Nvidia Stock: blockbuster results fail to dazzle investors despite record $215.9bn year

Nvidia Stock: blockbuster results fail to dazzle investors despite record $215.9bn year

nvidia stock remained under pressure even as NVIDIA (NASDAQ: NVDA) reported record fiscal 2026 revenue of $215. 9 billion and fourth-quarter revenue of $68. 1 billion, figures that underline both the company’s commercial momentum and the investor skepticism surrounding its AI-driven expansion.

Fourth quarter and full-year financial picture: $68. 1bn quarter, $215. 9bn year

NVIDIA reported revenue for the fourth quarter ended January 25, 2026, of $68. 1 billion, up 20% from the prior quarter and up 73% from a year earlier. For fiscal 2026, revenue was $215. 9 billion, up 65% from a year ago. For the quarter, GAAP and non-GAAP gross margins were 75. 0% and 75. 2%; for fiscal 2026, GAAP and non-GAAP gross margins were 71. 1% and 71. 3%.

For the quarter, GAAP and non-GAAP earnings per diluted share were $1. 76 and $1. 62, respectively. For fiscal 2026, GAAP and non-GAAP earnings per diluted share were $4. 90 and $4. 77, respectively.

Nvidia Stock: shareholder returns, dividend timing and repurchase capacity

During fiscal 2026, the company returned $41. 1 billion to shareholders through share repurchases and cash dividends. As of the end of the fourth quarter, NVIDIA had $58. 5 billion remaining under its share repurchase authorization. The company will pay a quarterly cash dividend of $0. 01 per share on April 1, 2026, to shareholders of record on March 11, 2026.

Beginning in the first quarter of fiscal 2027, NVIDIA will include stock-based compensation expense in its non-GAAP financial measures; the company described stock-based compensation as a foundational component of its compensation program to attract and retain talent. For the full year fiscal 2027, GAAP and non-GAAP tax rates are expected to be between 17. 0% and 19. 0%, excluding any discrete items and material changes to NVIDIA’s tax environment.

Client Challenge and investor skepticism over AI spending and financing

Investor scepticism about the scale of spending on artificial intelligence has accompanied the company’s results. Coverage carrying the heading "Client Challenge" highlights this pushback. Critics have flagged concerns about an expanding web of deals and the prospect of "circular financing"—investments by NVIDIA in other companies that could cloud perceptions of how robust AI demand truly is.

Gene Munster, manager partner at Deepwater Asset Management, said the AI buildout was likely to continue for a long time and wrote on the social media platform X on Wednesday, "AI is accelerating faster than people not using these tools can grasp. " At the same time, the company has recently laid out plans to generate demand with new technologies of its own.

Regulatory and China trade notes: H200 approvals but no sales yet

Last month, the Trump administration began allowing NVIDIA to sell its H200 chips—described as NVIDIA's second-most advanced type—to Chinese customers under certain conditions. The company's outlook did not include expectations about chip revenue in China. A U. S. Commerce Department official told lawmakers that none of those H200 chips have yet been sold to Chinese customers.
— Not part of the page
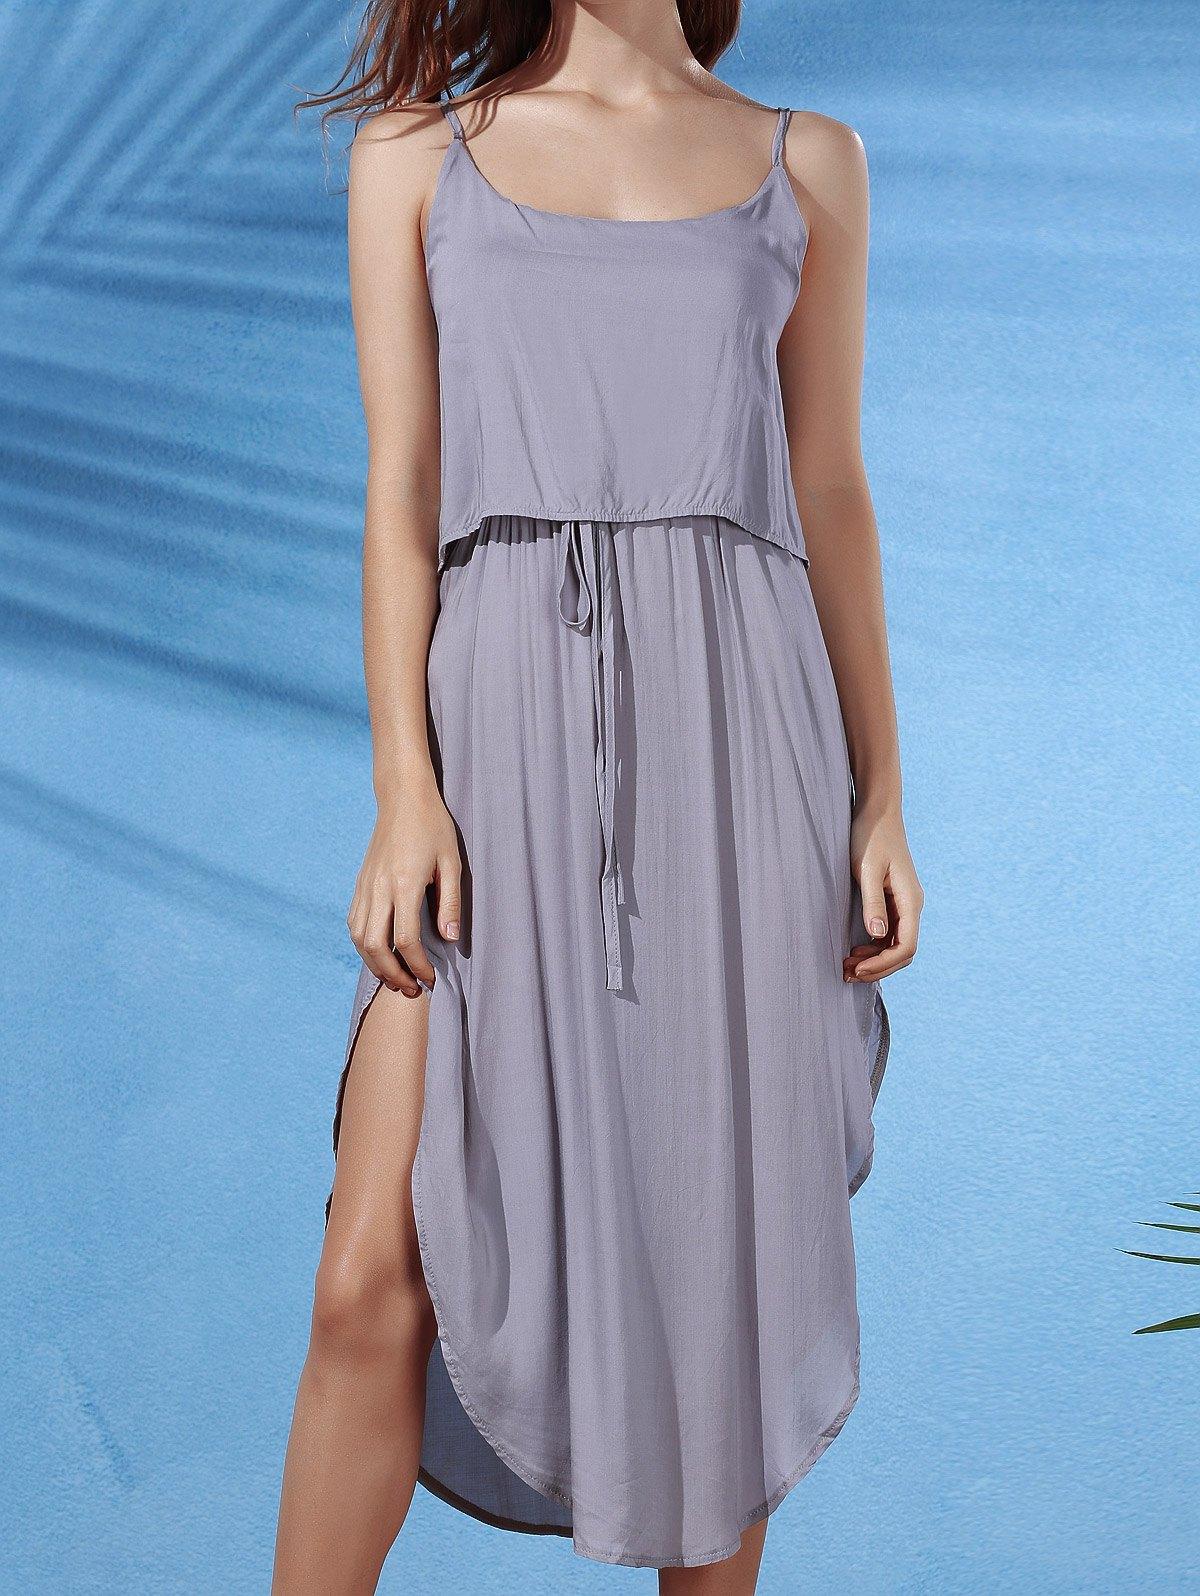 Irregular Hem Spaghetti Straps Drawstring Side Slit DressClothes<br><br><br>Size: S<br>Color: GRAY

Product roadmap and CEO commentary: agents, NVLink, Grace Blackwell and Vera Rubin

CEO Jensen Huang emphasized the surge in demand for AI compute in his commentary. He said, "Computing demand is growing exponentially — the agentic AI inflection point has arrived. Grace Blackwell with NVLink is the king of inference today — delivering an order-of-magnitude lower cost per token — and Vera Rubin will extend that leadership even further. " He added, "Enterprise adoption of agents is skyrocketing. Our customers are racing to invest in AI compute — the factories powering the AI industrial revolution and their future growth. "

Last month at the CES trade show in Las Vegas, Huang unveiled a new technology platform for self-driving cars and said the open-source AI model the company calls "Alpamayo" will bring reasoning to autonomous vehicles.

Conference call, non-GAAP reconciliations and corporate disclosures

it will conduct a conference call with analysts and investors to discuss its fourth-quarter and fiscal 2026 financial results and current prospects at 2 p. m. Pacific time (5 p. m. Eastern time). The firm uses non-GAAP measures to supplement its condensed consolidated financial statements; the reconciliations for fiscal years 2025 and 2026 adjust related GAAP financial measures to exclude stock-based compensation expense, acquisition-related and other costs.

With record revenue, sizable share returns and ongoing product rollouts aimed at expanding demand, NVIDIA’s results present a mix of hard financial gains and lingering investor questions about the sustainability and accounting of AI-driven growth.